(1847)
Langue d’origine : Français
⭐⭐⭐⭐
Ce que raconte ce roman :
Sylvain Pons est un vieil homme, sans un sou, qui vit avec son seul ami fidèle, l’allemand Schmucke. Tous les deux sont musiciens et vivotent dans des conditions déplorables, toujours surveillés par la concierge de leur immeuble miteux, Madame Cibot.
La famille de Pons, ses cousins riches, le tournent le dos et le méprisent régulièrement mais une évaluation des œuvres d’art qui le cousin Pons possède va faire resurgir la cupidité et le calcul dans son entourage.

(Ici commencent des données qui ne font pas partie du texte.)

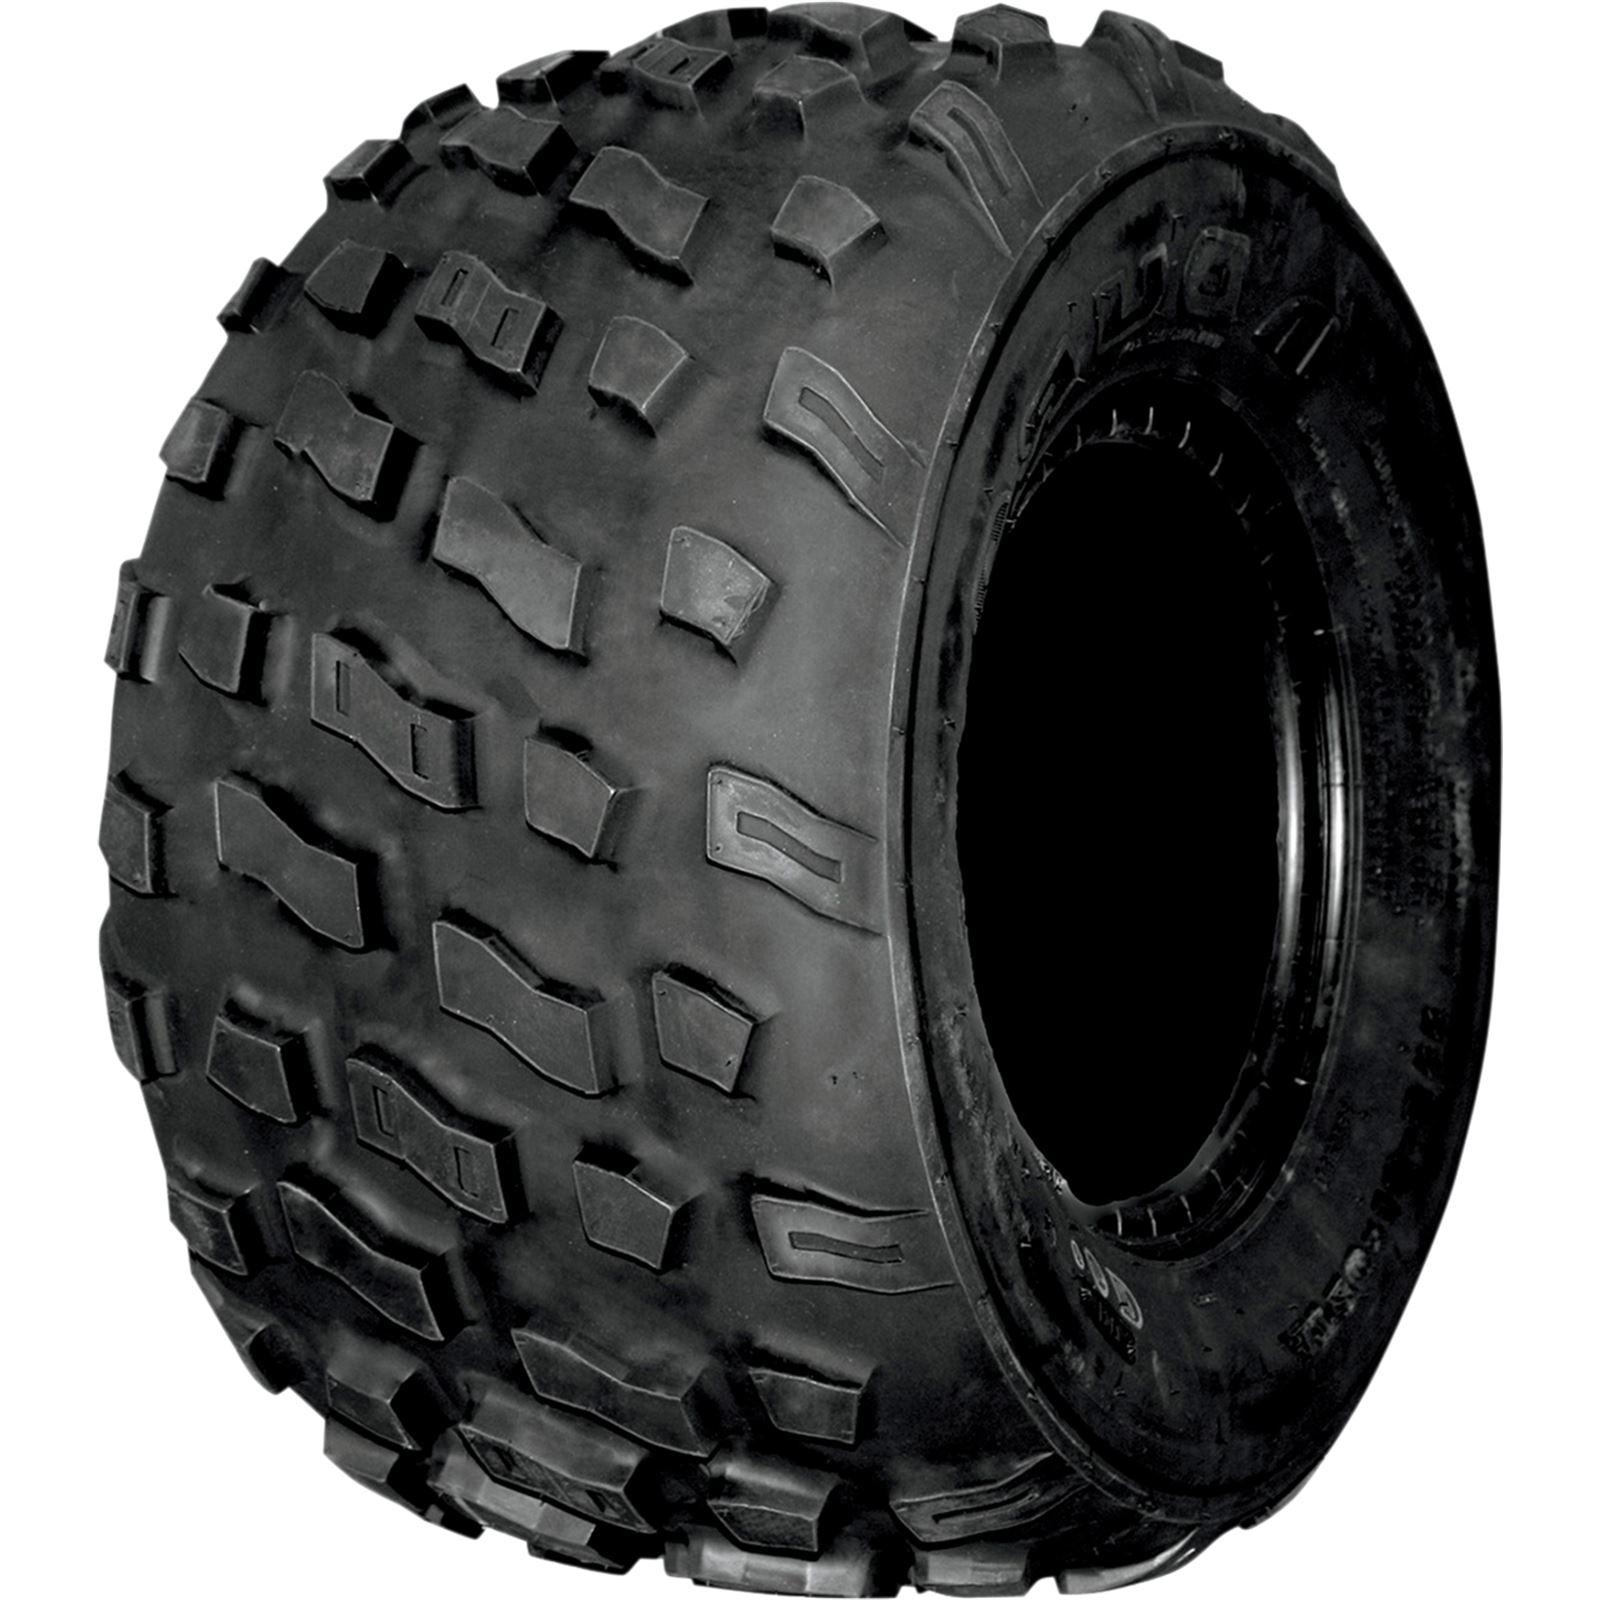 Duro Tire Tire - DIK778A - 20X10-9 - 4 Ply
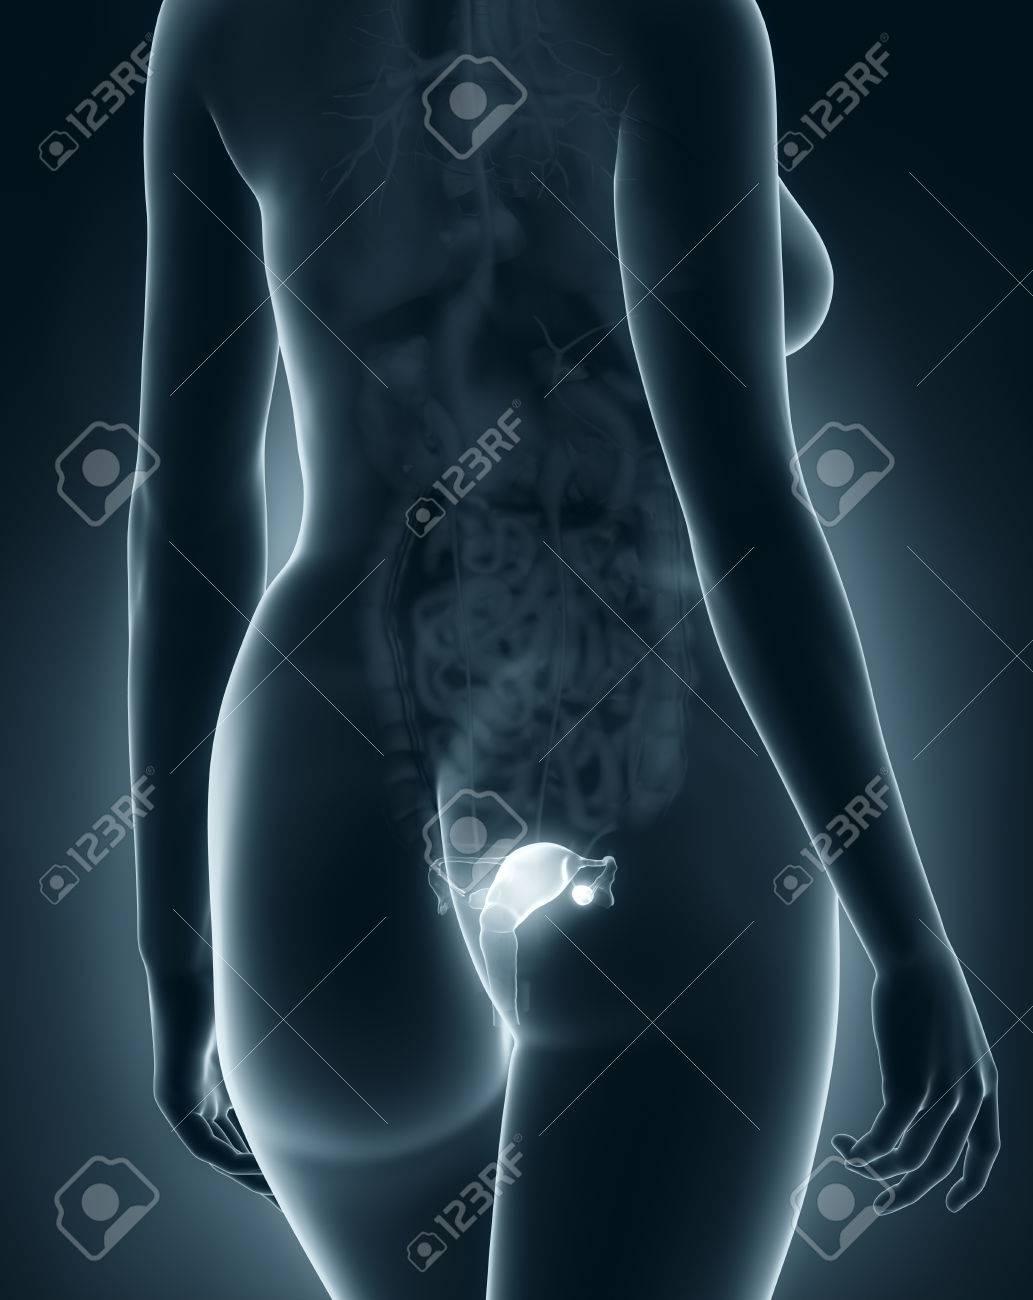 Woman genitalia anatomy x ray black posterior view stock photo woman genitalia anatomy x ray black posterior view stock photo 24341652 pooptronica Image collections

Dépouillons le cousin Pons ! :
Ce roman magnifique se centre sur la triste figure du cousin Pons. Sylvain Pons est un homme laid (décrit même comme un « monstre-né », dans la citation en bas) et pauvre, présenté comme une relique d’un temps révolu (Pons se cœuvre avec un pardessus de l’époque napoléonienne dont tout le monde s’en moque). Sa gentillesse contraste avec l’univers sordide qu’il habite, à peine enjolivé par les œuvres d’art qu’il collectionne, à coup de grands sacrifices. En grand gourmand, Pons sera disposé à accepter toutes les vexations et railleries de ses cousins les Camusot (des riches snobs qui le méprisent), à condition d’être invité à leur table. La nourriture et l’art, voici les seules passions dont le brave Pons n’arrive pas à s’en passer.
Les personnes qui entourent Pons vont dévoiler au fur et à mesure leur vrai visage mesquin. La cousine Camusot, la concierge Mme Cibot, le brocanteur Rémonencq, l’avoué Fraisier, et le collectionneur Magus vont comploter pour dépouiller Pons à son insu. Ils sont tous affreux et moralement pourris. C’est un peu le même schème que le père Goriot et ses filles, Pons est une proie facile du calcul et de l’avidité et tombera facilement dans le panneau des faux semblants et l’hypocrisie. Son seul ami fidèle sera, Schmucke, aussi pauvre et misérable que Pons.
Ce roman fait partie des Scènes de la vie parisienne, couplé avec « La cousine Bette », qui est un peu son penchant opposé dans le cycle des « Parents pauvres » : L’amertume et mesquinerie de Bette, contraste avec la gentillesse et ingénuité de Pons. Un classique inoubliable que cependant met beaucoup de temps à démarrer. Attention, les premières cent pages sont consacrées à un très lent set-up, qui nous présente les personnages, les ambiances, et prépare l’intrigue et les enjeux. Une fois l’action déclenchée, les effets narratives s’enchainent d’une façon vigoureuse et la réflexion sera d’autant plus profonde et percutante.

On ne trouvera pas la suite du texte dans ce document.